I just finished the first quarter of the book (Part I, The Economic Background). It's a much easier read than I was picturing, very light and enjoyable.
I decided to post my comments on the first part now, lest this get too long, and then when I finish the next part I'll put it in this thread as well. After I read the second part of part one, I'll read the other comments in this thread and start discussing those as well.
Comments below were typed in notepad as I read. Feel free to comment back on any you think are worth discussing.
My copy is the 3rd edition (1994), so my pages are off from everyone's, so I'm not going to bother listing them.
- In reading the background about how the market society emerged, and prior societies without the free market idea, it struck me how important that is to our unique (historically speaking) chance to early retire.
In
this post, I looked at how productivity and technological advances have furthered our ability to FI (through only abou 1/4 of our wages needing to go to necessities to have a 1950s standard of living of food, housing, etc., leaving 75% discretionary income that can be saved). The fundamental underpinnings even more important though is the ability to invest those savings due to the market and earn a return. Relevant quote from EE: "There were no factors of production before capitalism" and "The idea of a liquid, fluid capital would have been as strange in medieval life as would be the thought today of stocks and bonds as heirlooms never to be sold."
It's not an idea I'd try to explain to a newcomer to early retirement as the big reason why we can early retire (instead telling them more like the stats in the article above), but it definitely is a major factor, and something interesting to consider, for me at least.
- I liked the short three field rotation versus two anecdote, and am tempted to read the cited book, "Medieval Technology and Social Change" by Lynn White.
- The capitalism described in the Marx section sounds eerily like what is happening today. Relevant quote: "Thus the social structure will be reduced to two classes - a small group of capitalist magnates and a large mass of proletarianized (i.e. propertyless), embittered workers."

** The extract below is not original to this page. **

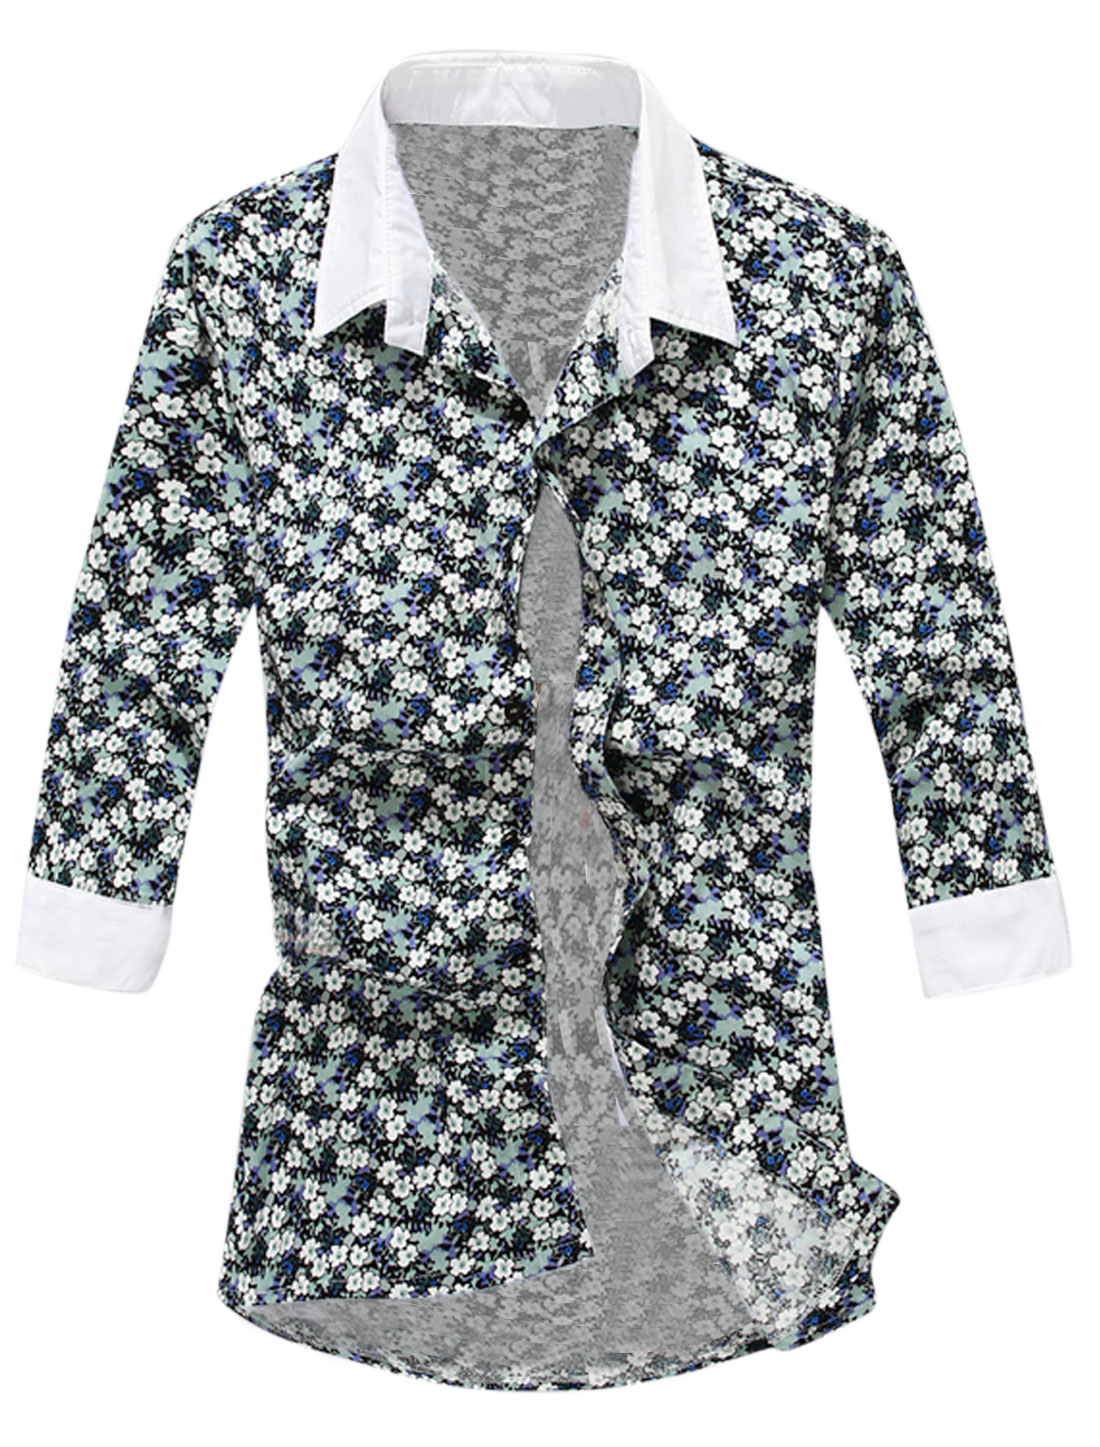 Buttons Cuffs Flower Pattern Stylish Shirt for Men Light Green White M
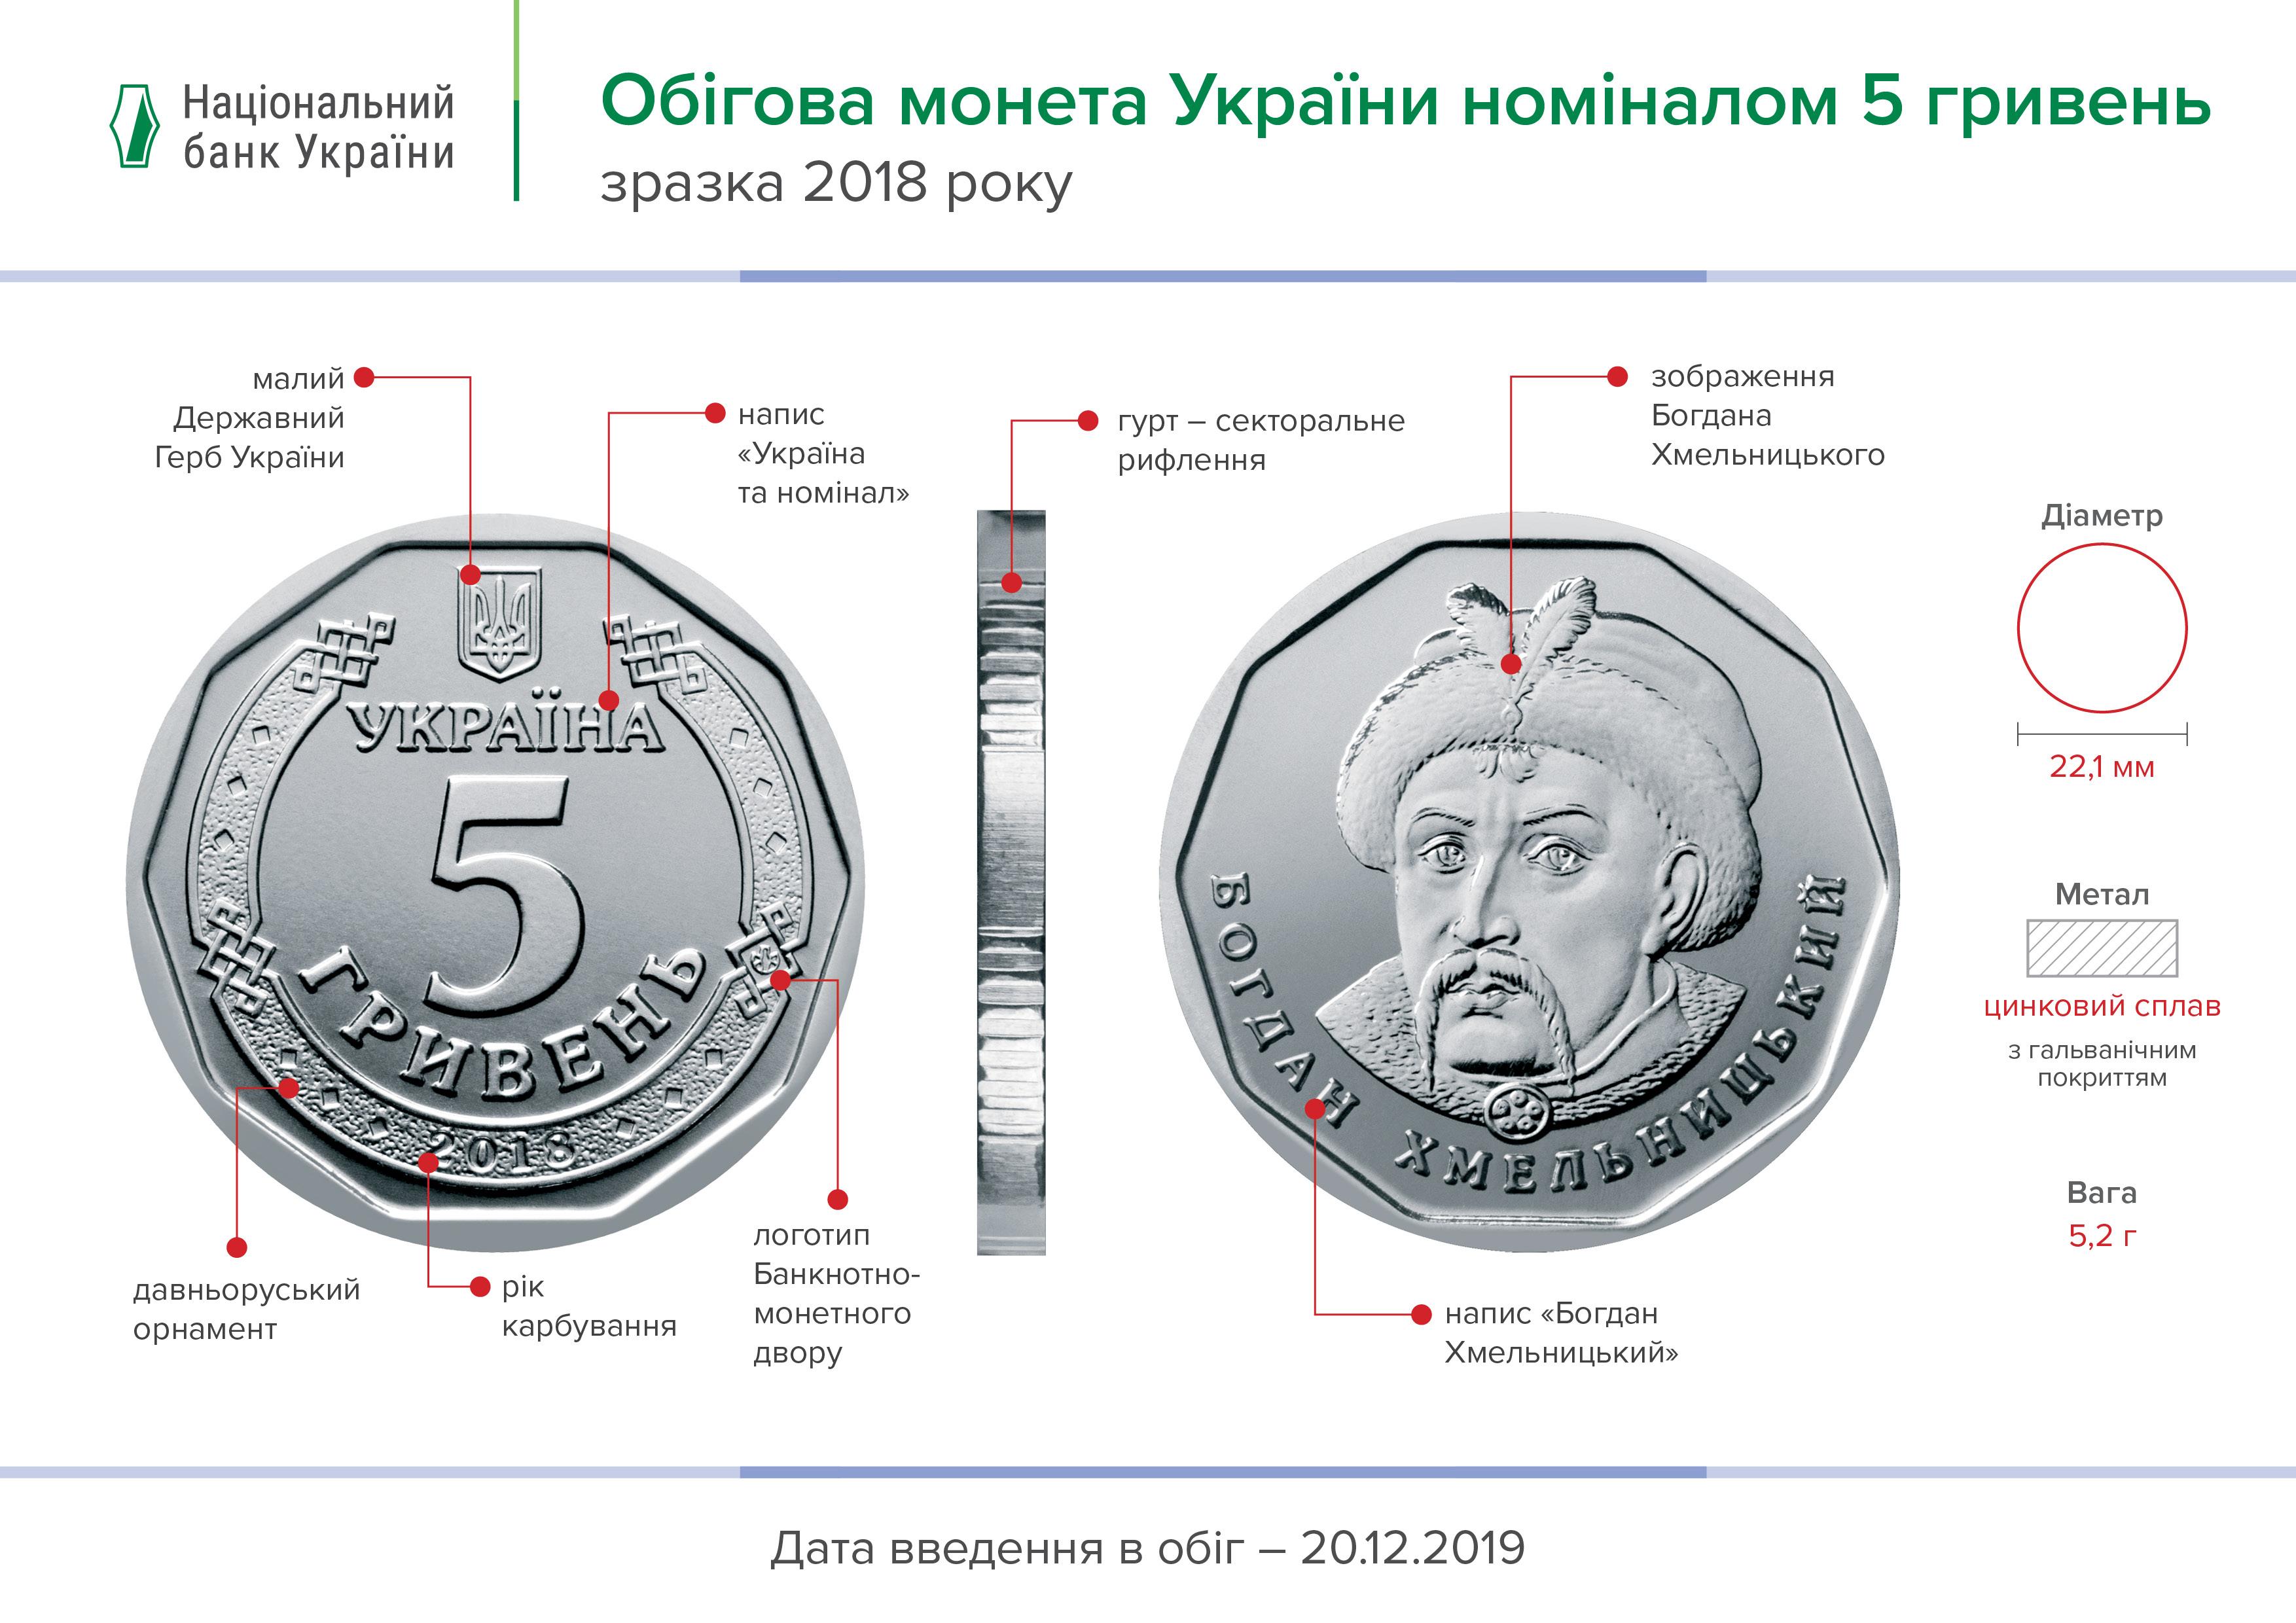 https://newcoins.bank.gov.ua/img/coins/5grn.jpg

- Reading all these statistics from 1988 and 1990 on income and net worth really makes inflation hit home once again. Examples: top 5% income in 1990 was 105k.. top 10% assets in 88 was >250k - and that's counting home equity. In 1988, only 940,000 of households had at least 1MM in assets. In 2008, 20 years later,
around 6.7 million Americans had at least 1MM (and that's NOT counting first homes, and is 2.5 million people ower than it had been due to housing prices dropping, presumably on second homes and income properties).
- I find it interesting that the authors spend so much time on GNP introduction talking about how 1980-1992 (in my version) wealth was redistributed to the rich, and the middle/lower class stayed the same or got poorer, despite GNP growth. And how much more has that happened in the two decades since? We've all obviously seen articles on how much the 1% has, which sharply came into focus last year with the Occupy Wall Street movement, so I was surprised that a book from '94 was focusing on this difference starting in 1980, over three decades ago now!
- After reading the union part and reflecting back on what I've read so far, I feel that the authors have a quite liberal slant. Not a big deal, but something to keep in mind.